Your goal:
Your answer must be a word-for-word copy of the listing, with all pictures excluded.

Raw data:
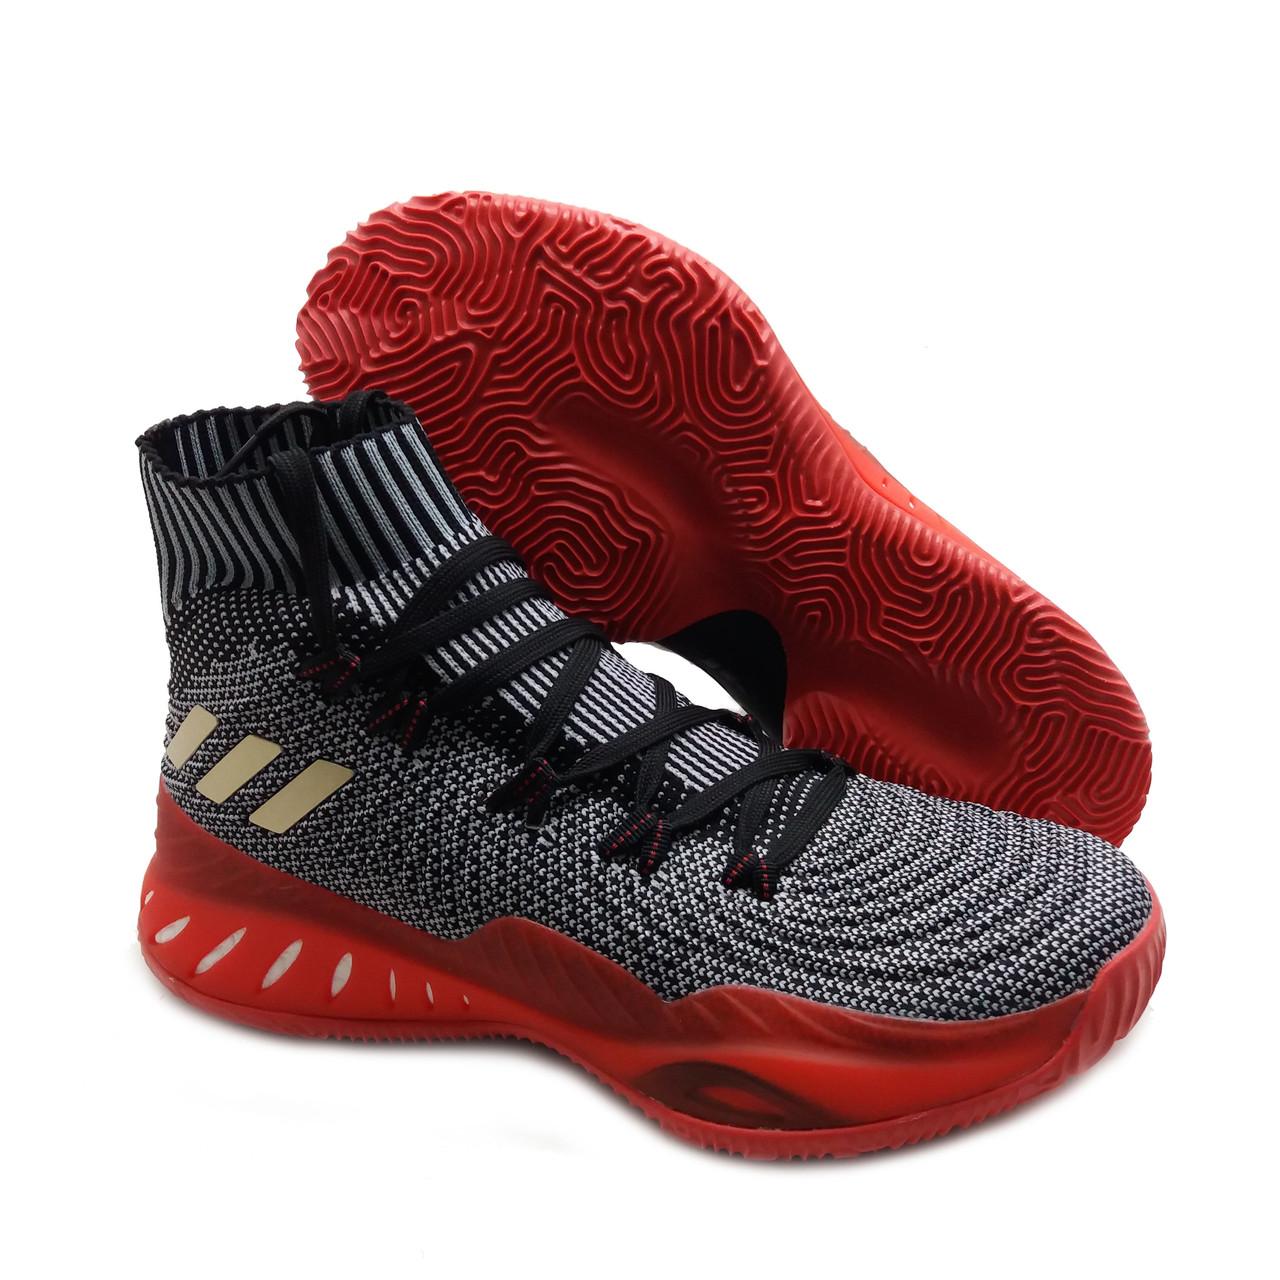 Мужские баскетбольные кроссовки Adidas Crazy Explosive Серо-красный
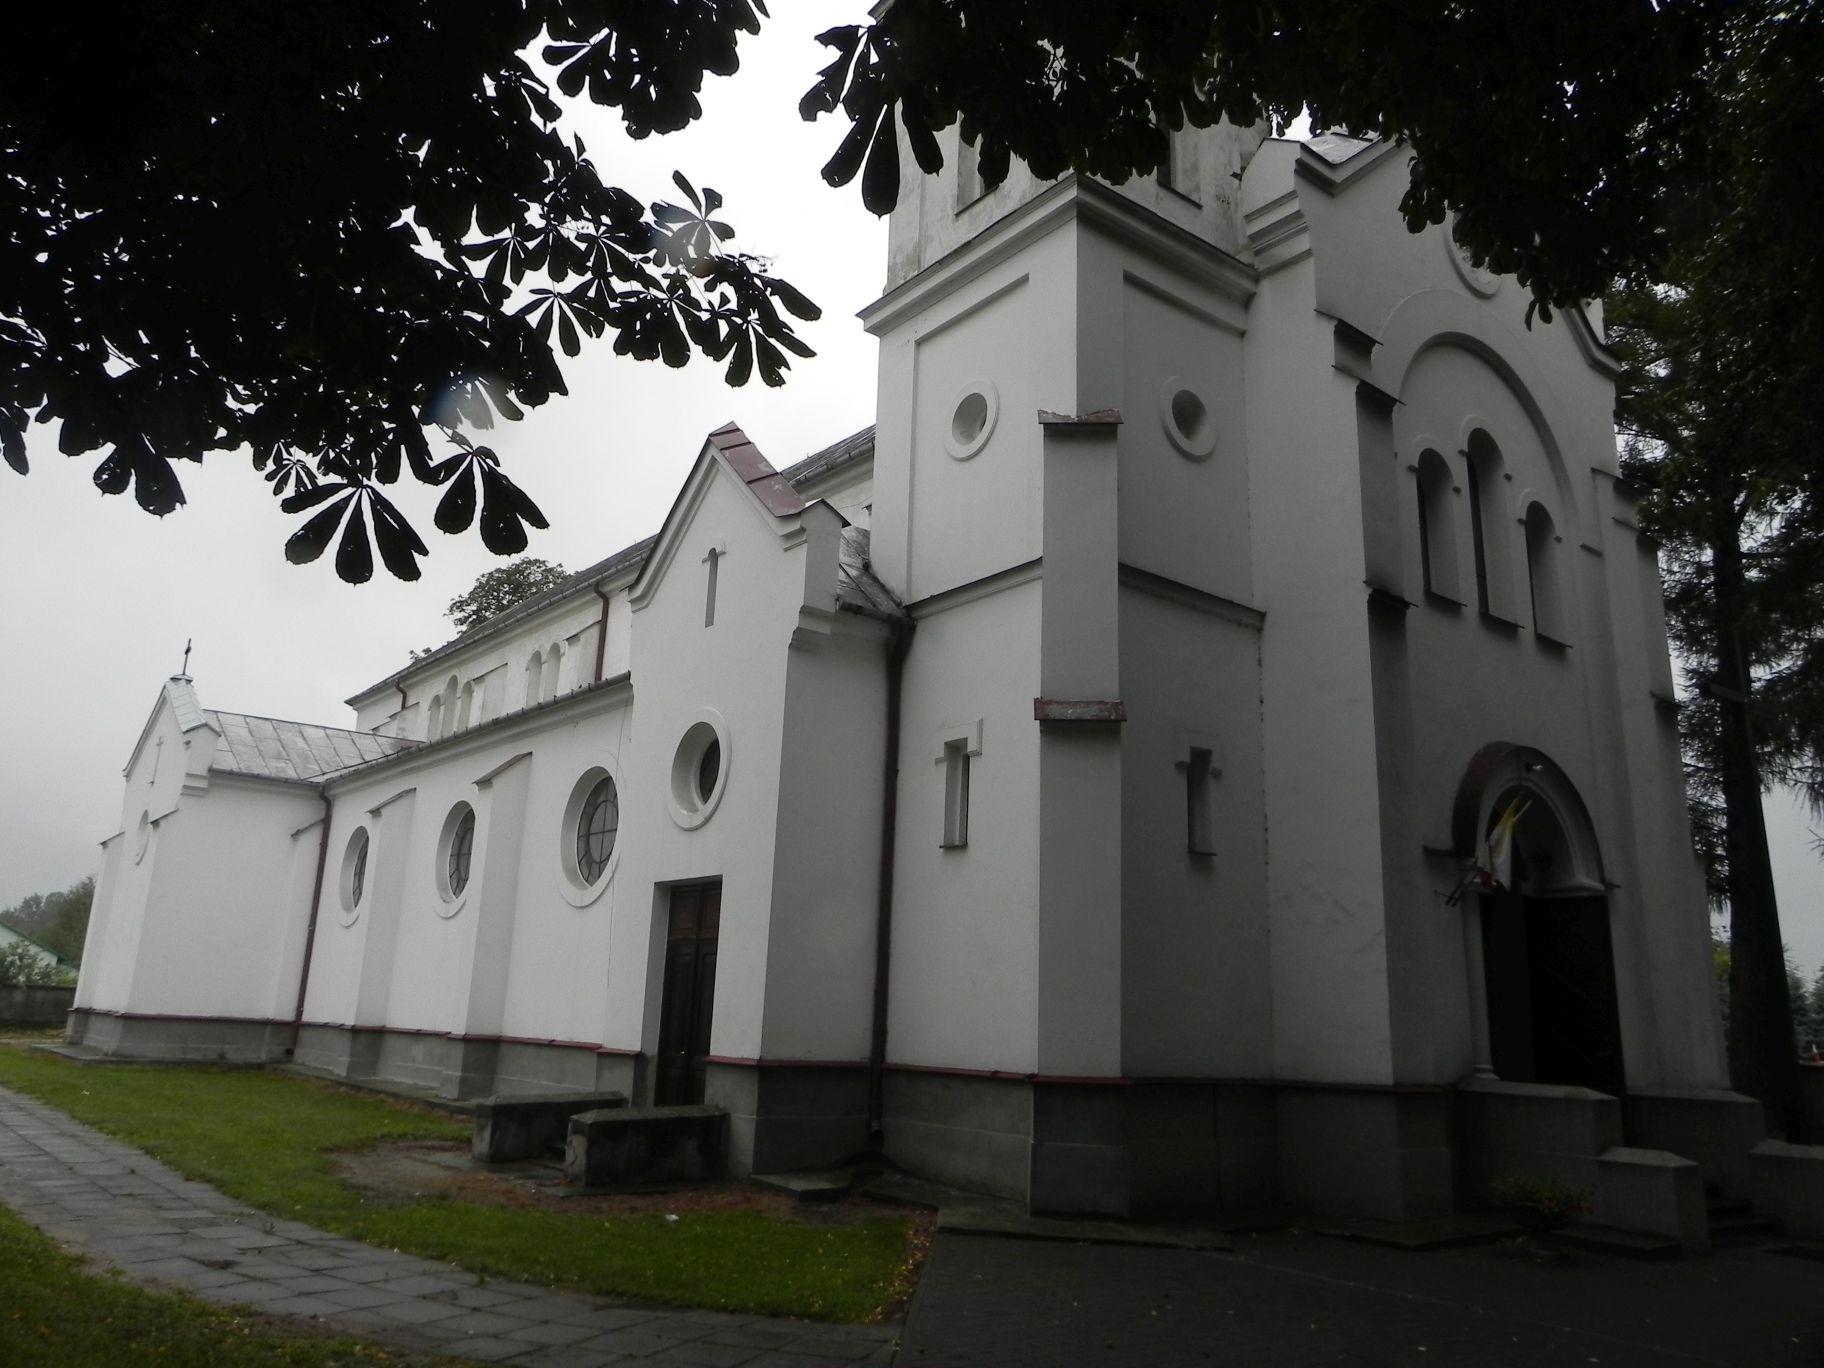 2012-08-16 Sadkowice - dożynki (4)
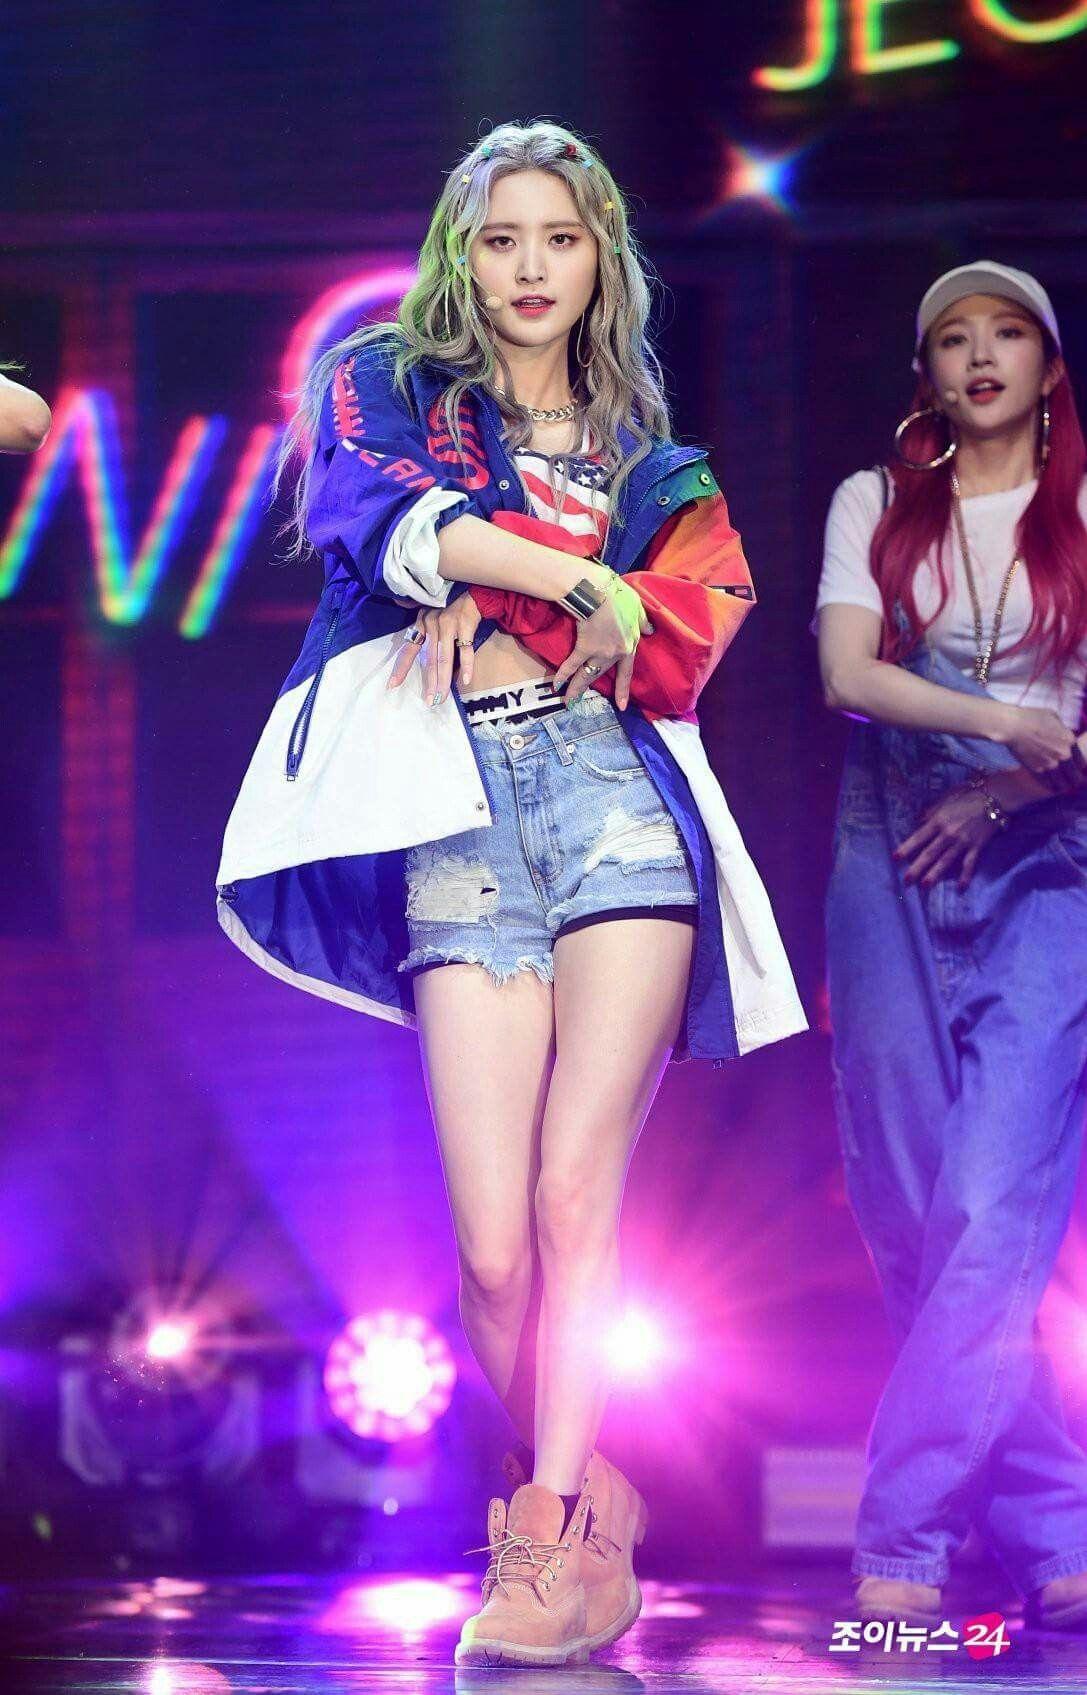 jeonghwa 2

Task solution:
 Мужские баскетбольные кроссовки Adidas Crazy Explosive Серо-красный
 2012-08-16 Sadkowice - dożynki (4)
 jeonghwa 2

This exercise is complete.